→ Available data
------------------------------------------------

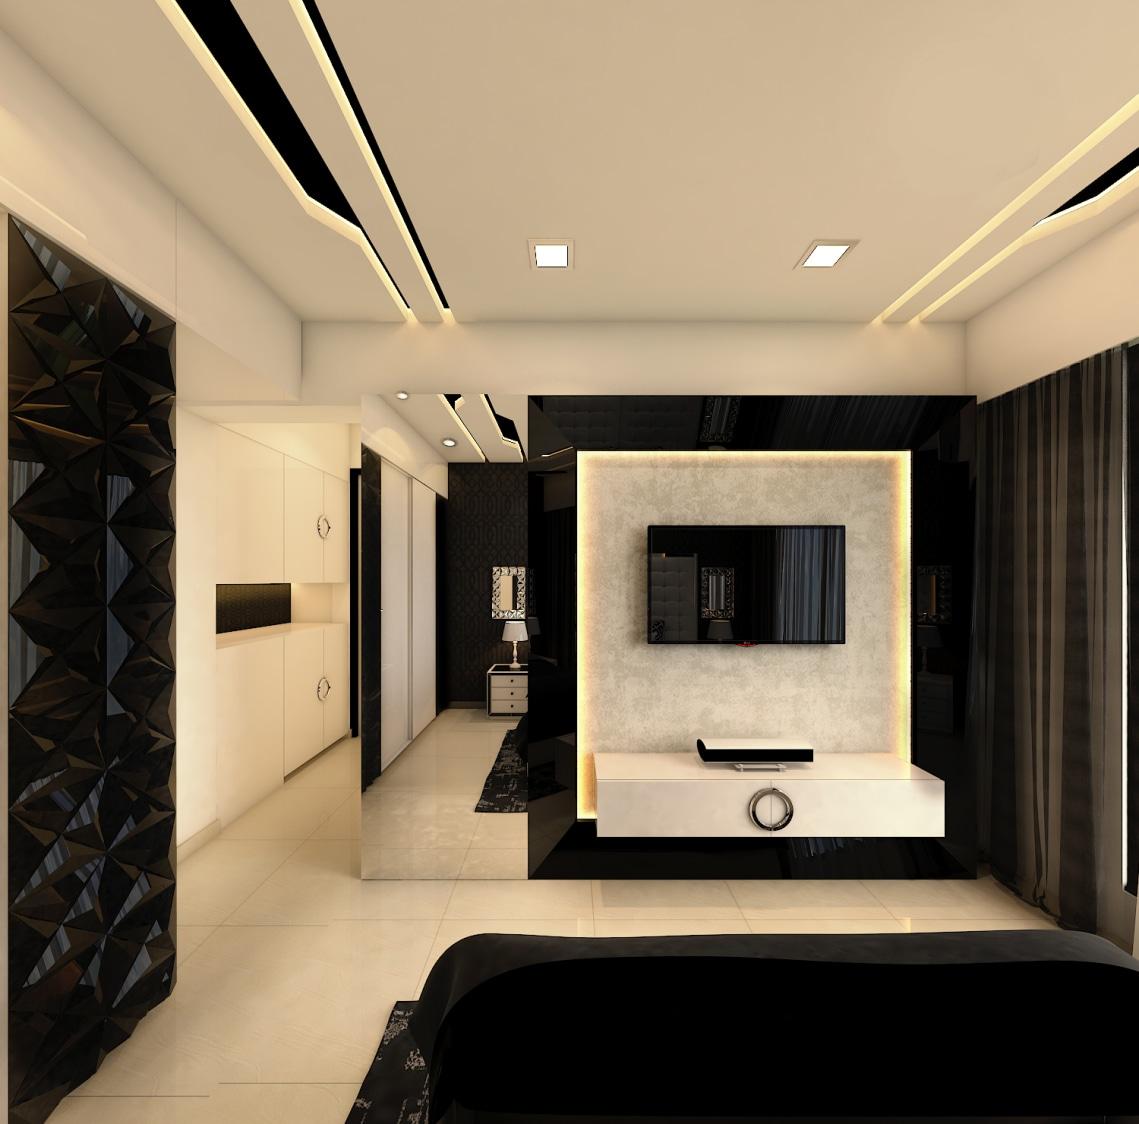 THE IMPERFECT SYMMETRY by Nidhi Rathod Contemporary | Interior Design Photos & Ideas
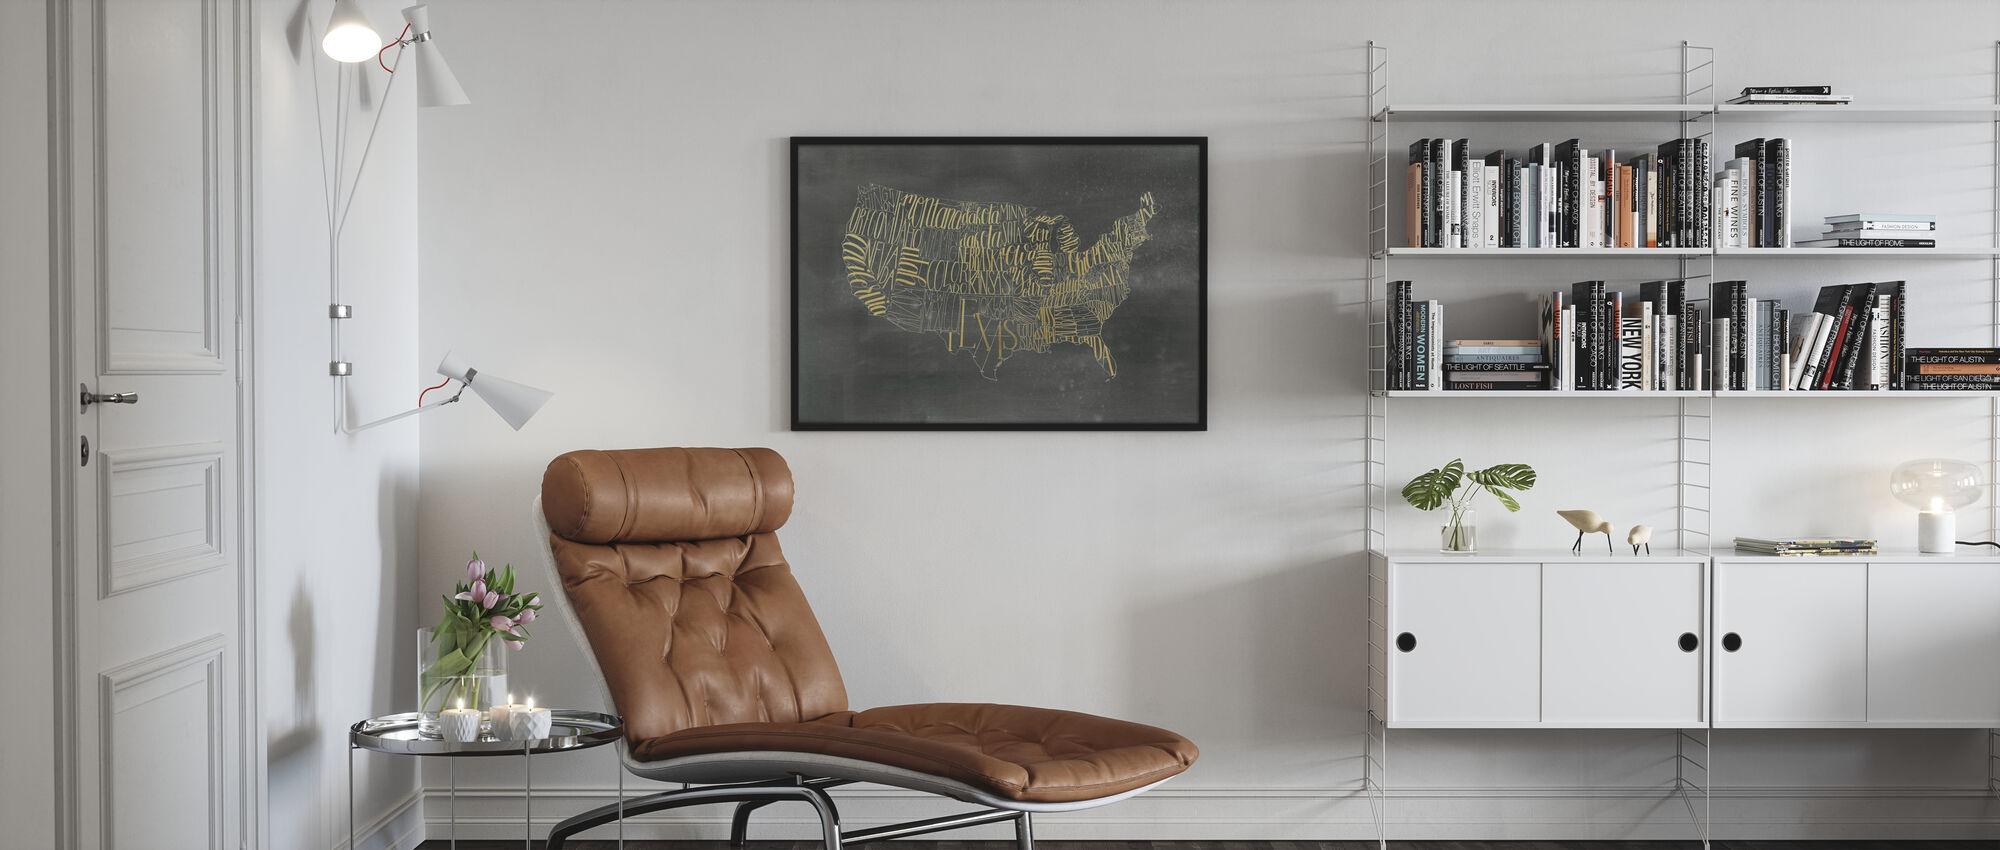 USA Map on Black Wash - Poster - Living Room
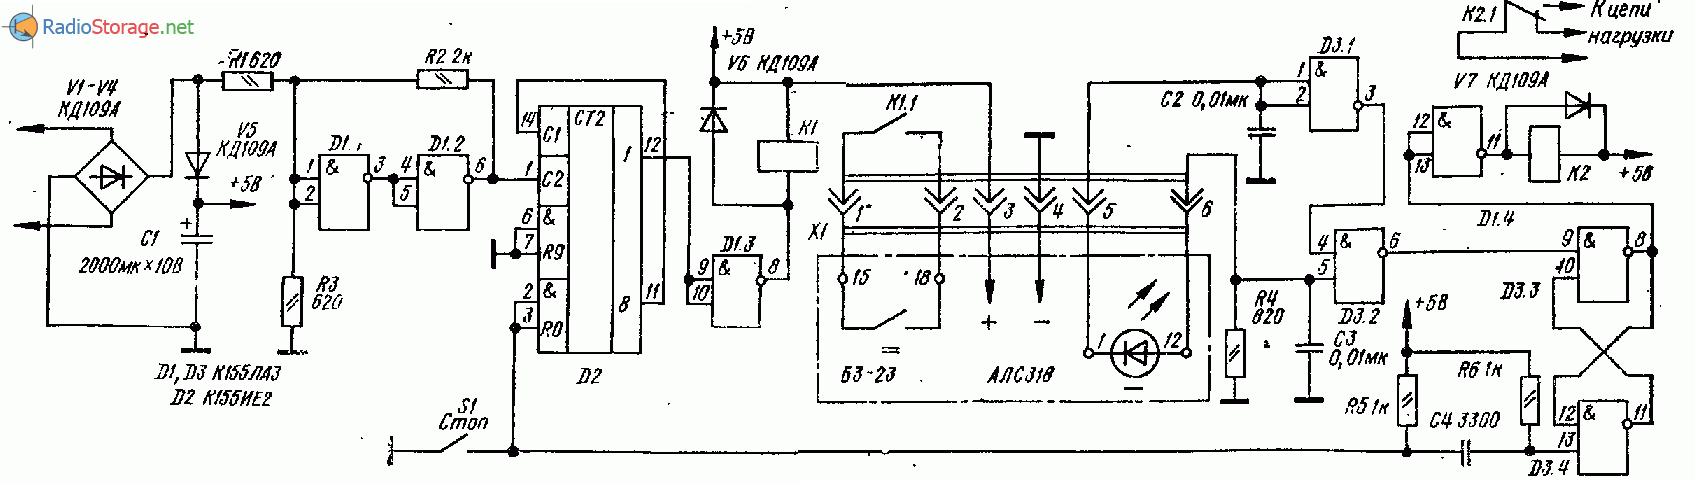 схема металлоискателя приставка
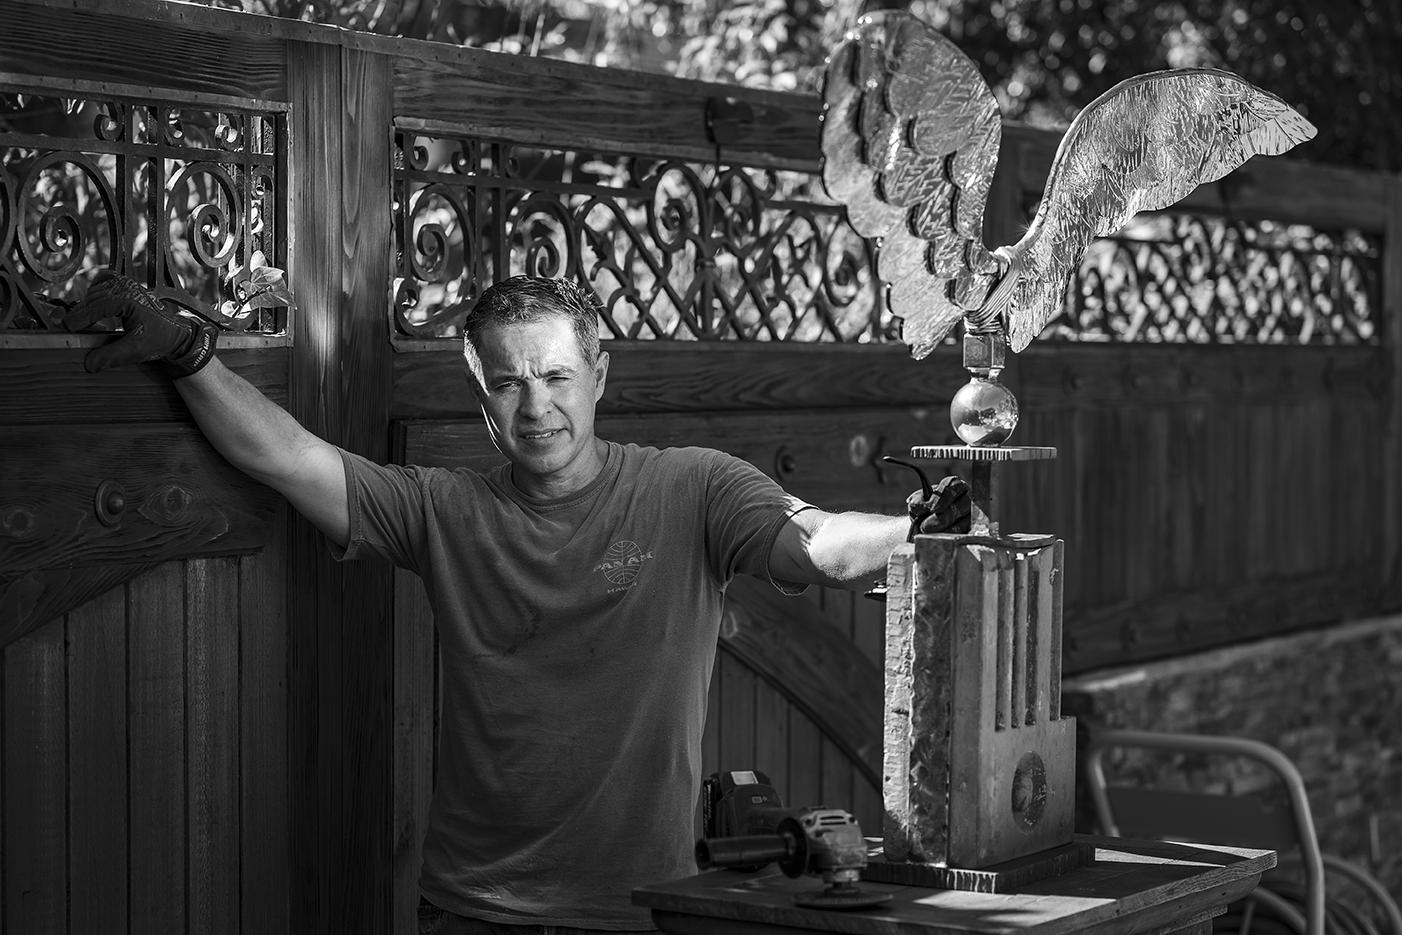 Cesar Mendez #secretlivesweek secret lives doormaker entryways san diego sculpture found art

------------------------------------------------

→ Work instructions
Leave out the pictures and give the listing above again exactly.

→ Result for this exercise
 THE IMPERFECT SYMMETRY by Nidhi Rathod Contemporary | Interior Design Photos & Ideas
 USA Map on Black Wash - Poster - Living Room
 схема металлоискателя приставка
 Cesar Mendez #secretlivesweek secret lives doormaker entryways san diego sculpture found art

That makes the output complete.